→ Task requirements:
Transcribe the data exactly, pictures excluded.

→ Recorded information:
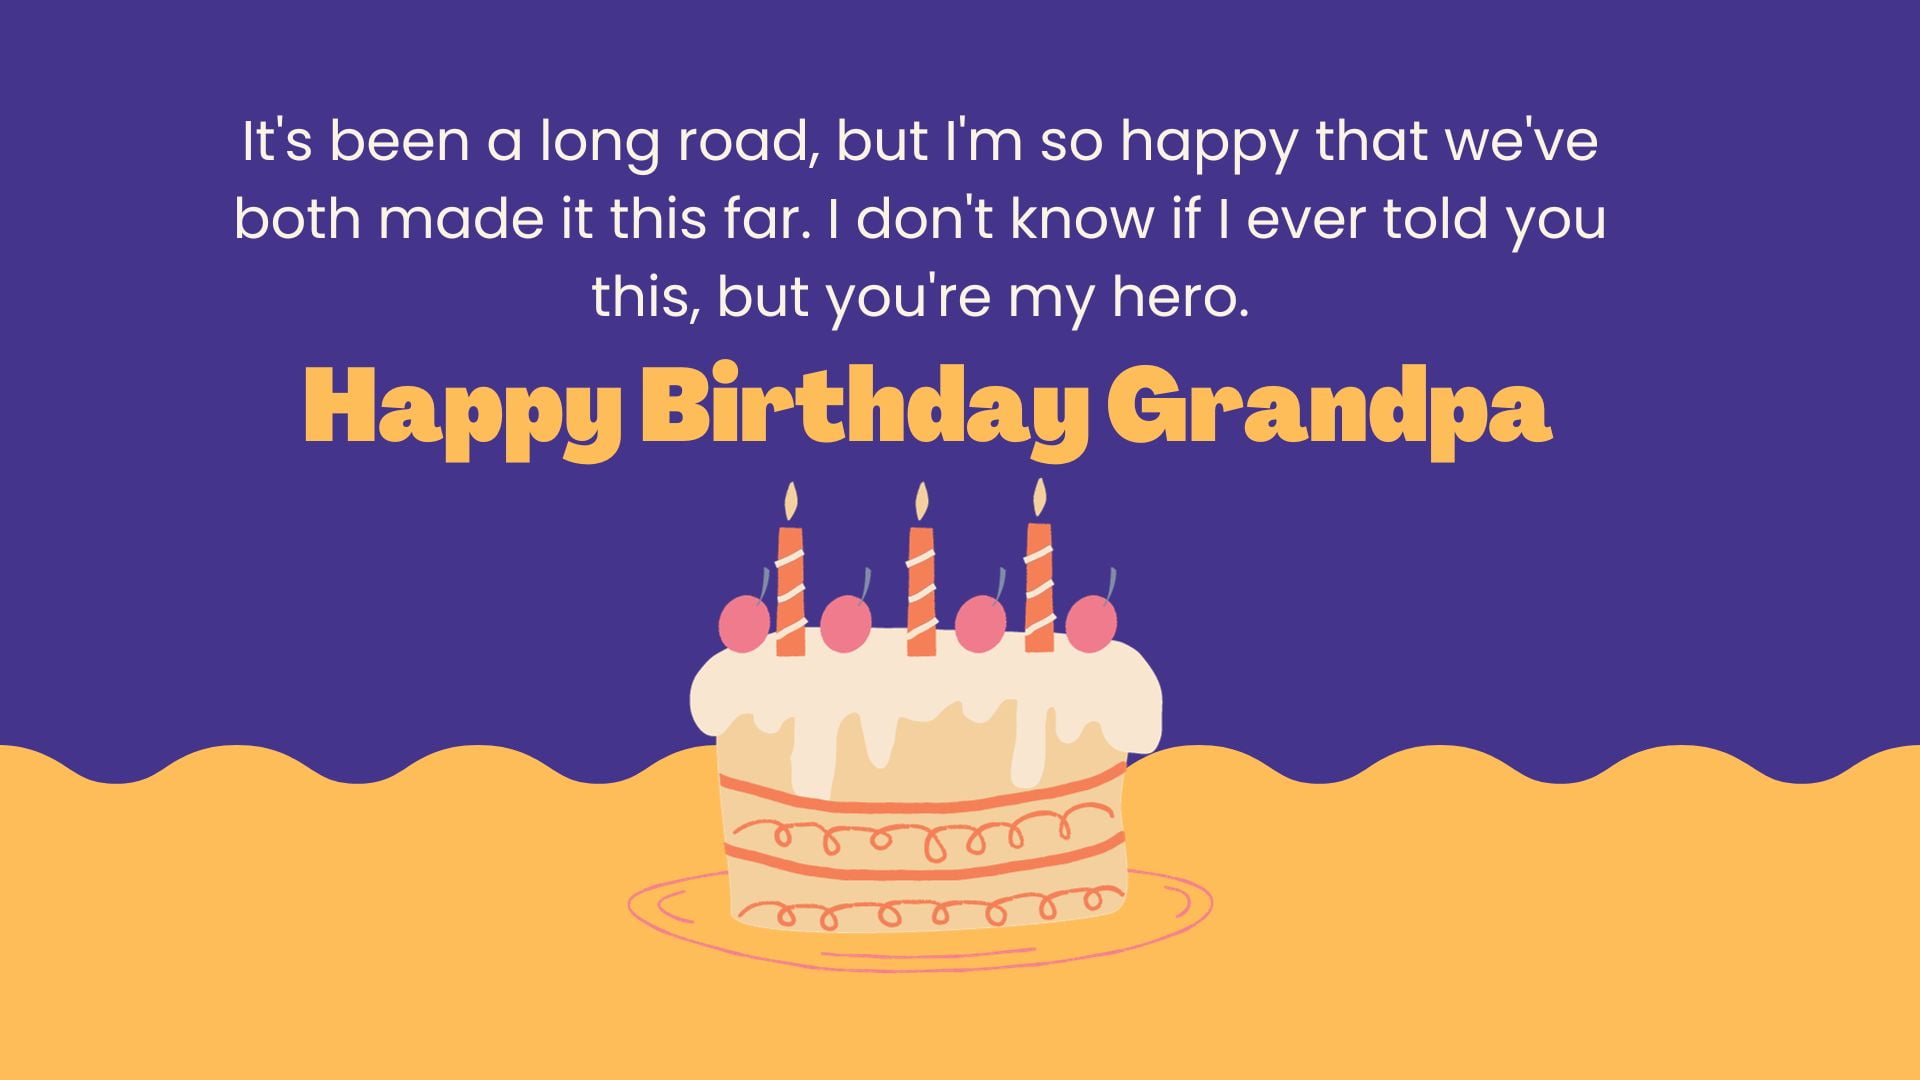 Simple and short birthday wishes for grandfather
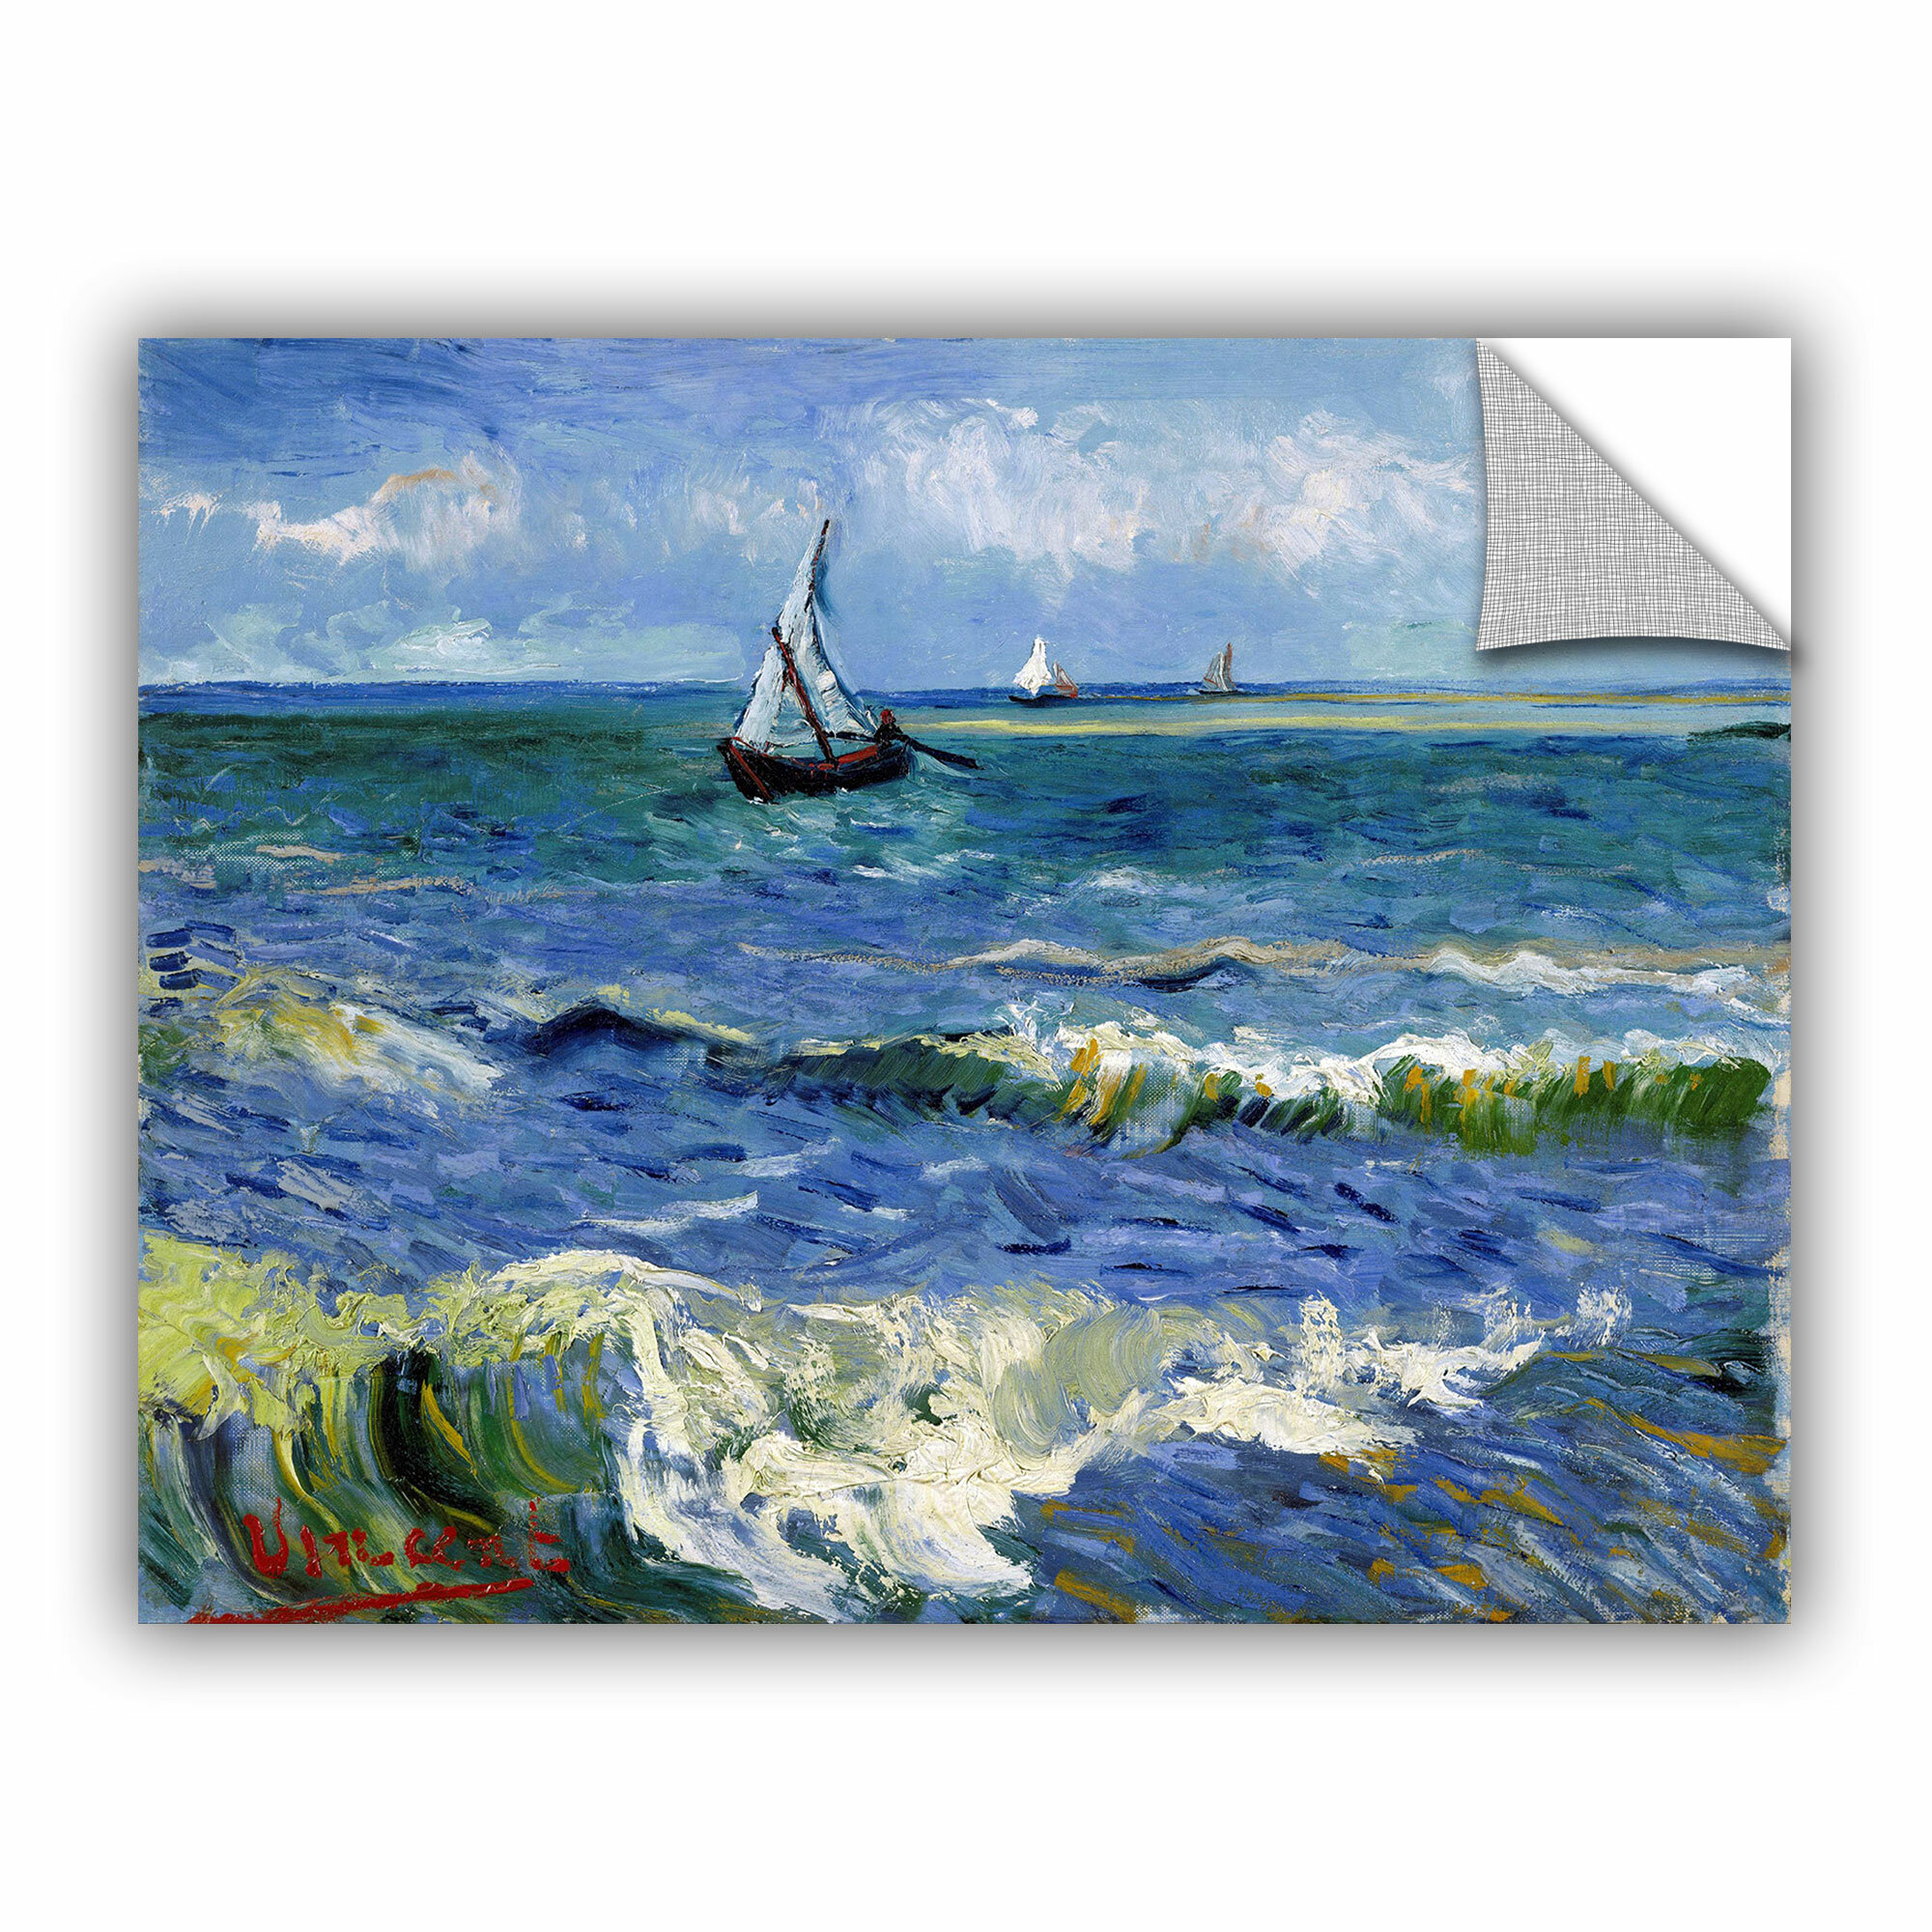 Multicolor ArtWall Vincent Vangoghs Seascape at Saintes Maries Art Appealz Removable Graphic Wall Art 24 by 32-Inch 
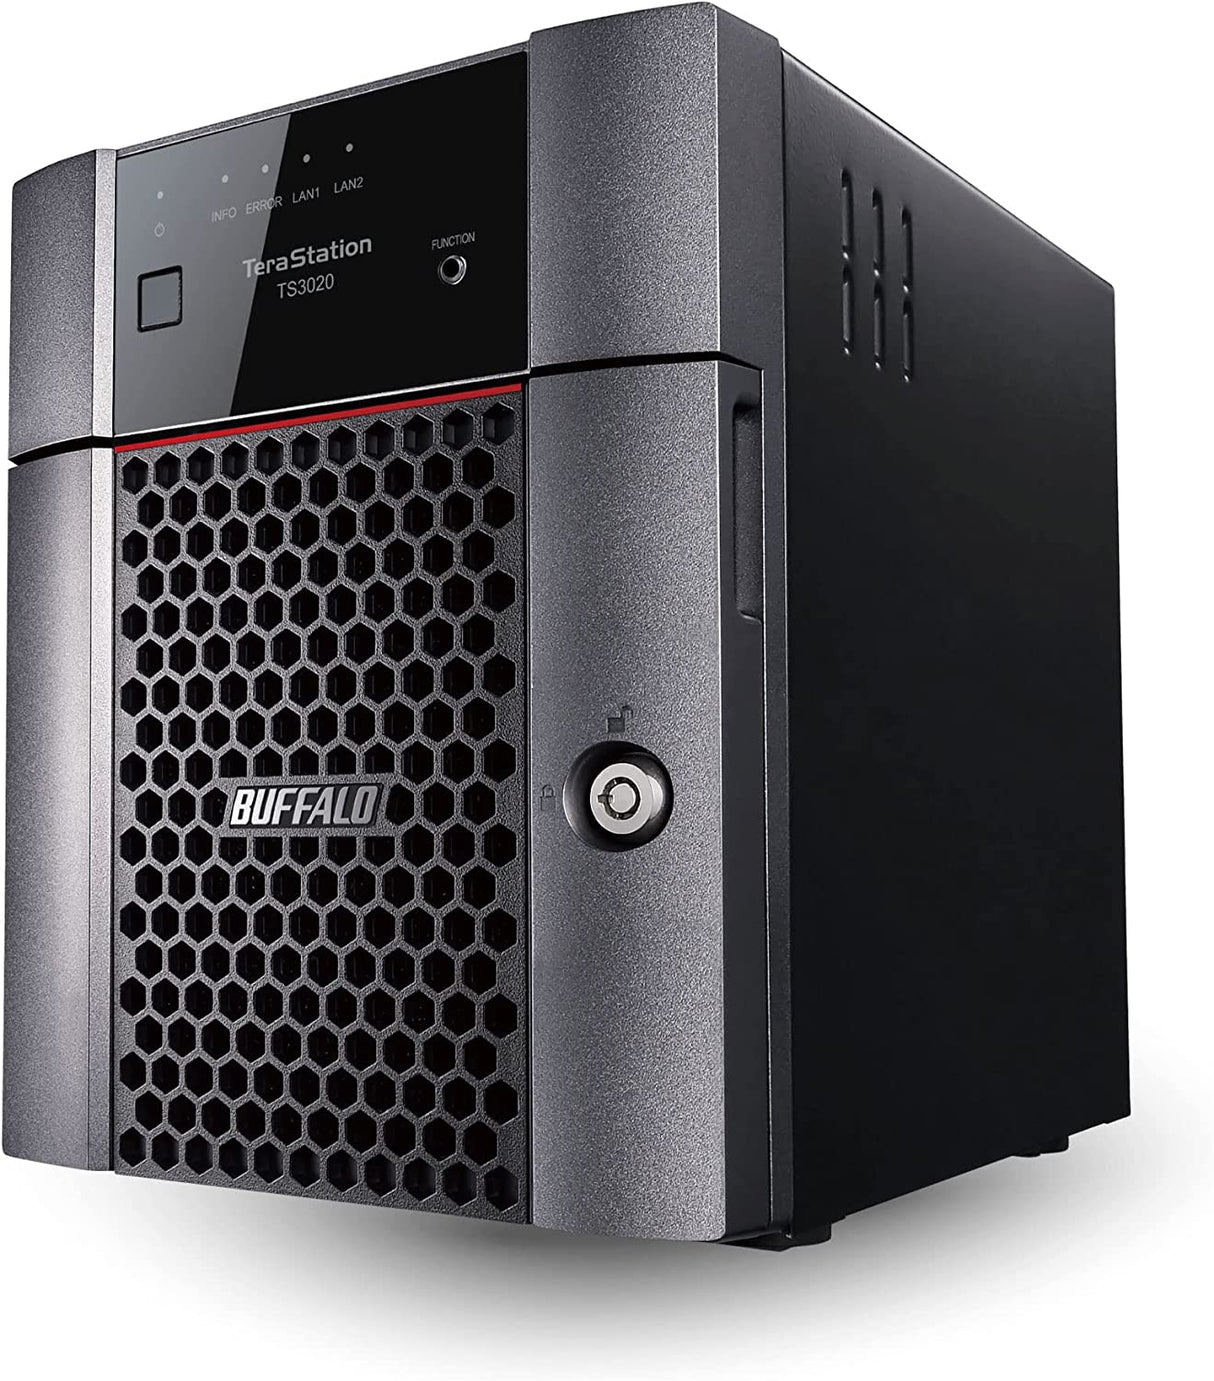 BUFFALO TeraStation 3420DN 4-Bay Desktop NAS 4TB (2x2TB) with HDD NAS Hard Drives Included 2.5GBE / Computer Network Attached Storage / Private Cloud / NAS Storage/ Network Storage / File Server 4 TB (2 x 2TB) TeraStation 3420DN Desktop NAS 4 Drive Bays

→ Answer for this exercise:
 Simple and short birthday wishes for grandfather
 Multicolor ArtWall Vincent Vangoghs Seascape at Saintes Maries Art Appealz Removable Graphic Wall Art 24 by 32-Inch 
 BUFFALO TeraStation 3420DN 4-Bay Desktop NAS 4TB (2x2TB) with HDD NAS Hard Drives Included 2.5GBE / Computer Network Attached Storage / Private Cloud / NAS Storage/ Network Storage / File Server 4 TB (2 x 2TB) TeraStation 3420DN Desktop NAS 4 Drive Bays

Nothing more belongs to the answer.